Stress-Free or Stress-Less?

Are you enjoying a stress free life? Well that is amazing! No one can live without experiencing some degree of stress all the time.

There are two types of stress; good stress which we experience most days to keep us getting up and facing the day ahead. It is also the spice of life, for any emotion like sheer joy or activity like crossing a busy intersection causes stress in a good sense. Bad or negative stress is the second type of stress and this refers to stresses which can cause a negative impact on health and life. Sickness and diseases can cause physical and psychological stress as well as job pressures, family arguments, environmental toxins, financial pressures and never having enough time are just a few of the stressors most face daily resulting in experiences of negative stress emotionally and mentally.

Stress produces a biological response. Fortunately for us, control mechanisms known as stress response in the body are geared toward counteracting the everyday stress of life. However, if that stress is prolonged, extreme and unusual, the control mechanisms can be overwhelming and quite harmful. Prolonged stress places a tremendous load on many organ systems, especially the heart, blood vessels, adrenals and the immune system. Please note that your system must be prepared to deal with stress and the same stress which makes one person sick can be an exciting experience for another.

Have you ever been frightened or experience some quite invigorating sensation? Then you know what it feels like to have a surge of adrenaline through your body. Adrenaline is released by the adrenal glands located above your kidneys and it is designed to give the body that extra energy boost to escape from danger. However, it can also cause you to experience stress, anxiety and nervousness depending on the stress one is exposed to. However, it is not just the stressor but, how stress is dealt with makes the difference within our body’s response and our ability to cope positively or negatively.

Picture this scenario in your minds: You are driving across a busy carriageway on a green light which just changed. Your neighbour breaks the red light in front of you. You barely notice the vehicle on time. Your adrenaline kicks in, you slam on your breaks and your car comes to a screeching halt just an inch away from colliding with the other vehicle. Your heart starts pounding like crazy, your breathing increases, your blood pressure rises, your legs shake nervously from the anxiety experienced and you may even urinate on yourself. Now you can respond one of two ways: get angry, swear at the person, get out your vehicle to argue, feel weak from the stress to the point of collapse and not be able to drive another block. Or you could take a few deep slow breaths get your system reregulated, your blood pressure decreases and say “ wow what a narrow escape, I am alive and my vehicle is dent free” and regain a calm, composed state and continue on your way.

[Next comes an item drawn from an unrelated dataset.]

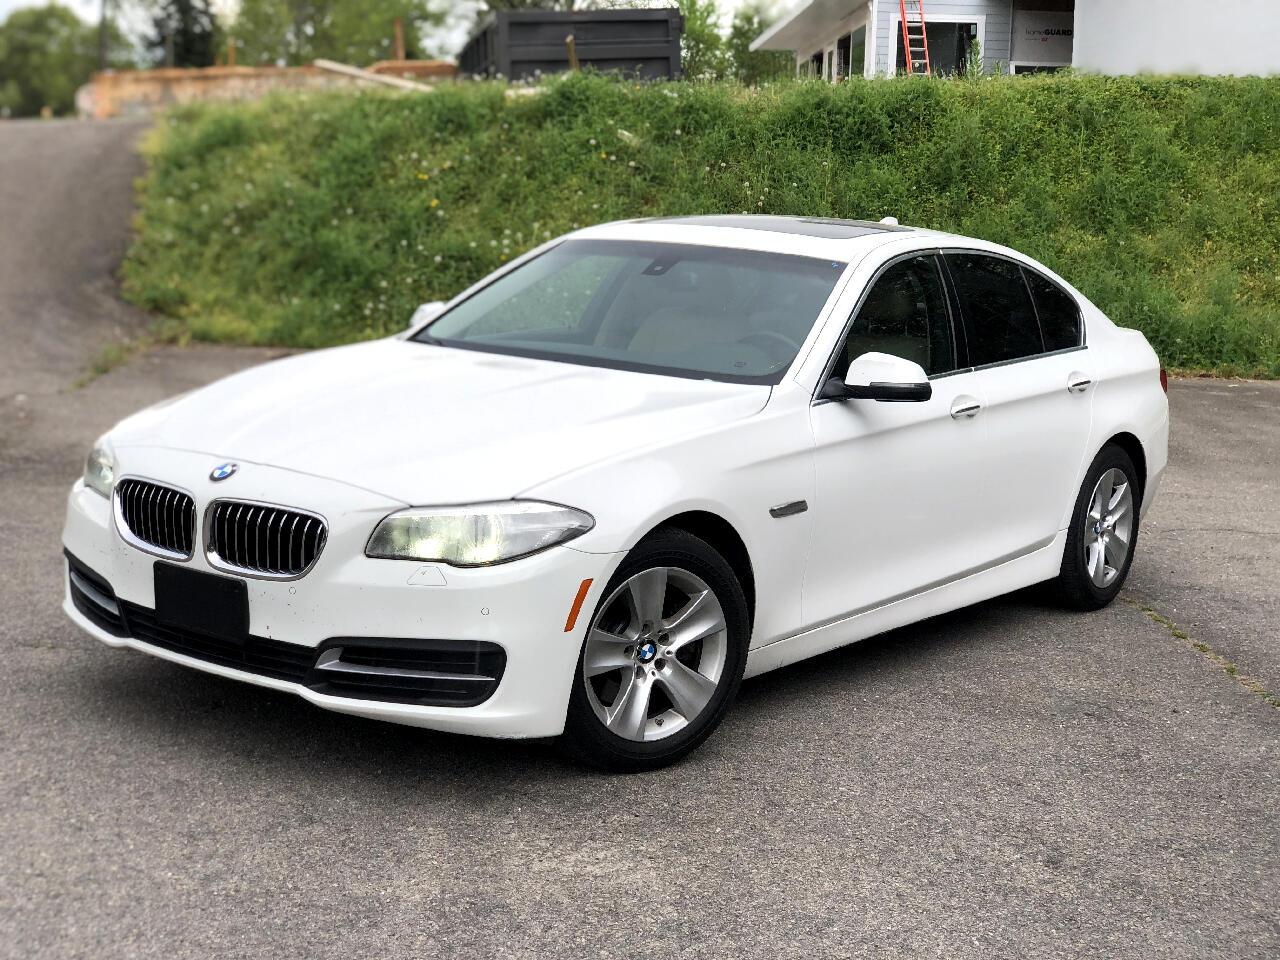 BMW 5 Series 4dr Sdn 528i RWD 2014

Coping with stress must be practised in a positive way. For many negative coping patterns take a terrible turn which destroys their health. According to Murray and Pizzorno, negative patterns can be detrimental to health. Some include: dependence on drugs, legal and illicit, alcohol and smoking. Others overeat, watch too much television, experience emotional outburst, feelings of helplessness, overspending, excessive behaviour and even lead to suicide.

Several conditions are linked to stress such as: angina, asthma, autoimmune diseases, cancer, cardiovascular diseases, common cold, depression, diabetes (adult onset, Type II), headaches, hypertension, irritable bowel syndrome, menstrual disorders, rheumatoid arthritis, ulcerative colitis and ulcers. Therefore managing stress is very important.

How can you do this? Simple! In order to manage your stress you must first identify your stressors and eliminate or reduce them as much as possible. Identify your negative coping pattern and replace them with positive patterns such as:

  • Practice a relaxation/breathing exercise for a minimum of five minutes twice daily. Inhale through your nose and exhale through your mouth concentrating on your breathing and feel and imagine all tension and stress leaving your body. Practicing in fresh air is very good. This calms the mind and body and helps coping with stress to become much easier.
  • Develop a relax response. Whatever method works for you in a healthy manner like: sleeping, reading, listening to music, playing a sport, watch comedy shows, exercise.
  • Manage your time effectively. Don’t be a perfectionist but set priorities.
  • Exercise regularly relieves fatigue and depression. Feelings of inadequacy and worries diminish greatly with regular exercise. Exercise alone has been proven to have a tremendous impact on improving mood and the ability to handle stressful life situation.
  • Develop and enhance communication for better relationships. Seek counseling and develop proper listening skills.
  • Eliminate or restrict caffeine, refined carbohydrates and alcohol in your diet. Eat regular meals in a relaxed environment and control food allergens. Nutritional and or herbal support is sometimes necessary to help control stress.

Deal with your stress in a healthy moral manner. As a university student one of our lecturers advised us when overwhelmed with the stress of the course, go outdoors and scream to the top of your lungs. We were quite astound at his recommendation however, when stress levels were high especially around exam time screams were heard everywhere. These were followed by contented and relieved students. Take a hint!

 

Author: Charlene Chablal-de Gourville BSN, RN, AScn Environmental Health.
Adv Dip Holistic Nutrition (2015 candidate)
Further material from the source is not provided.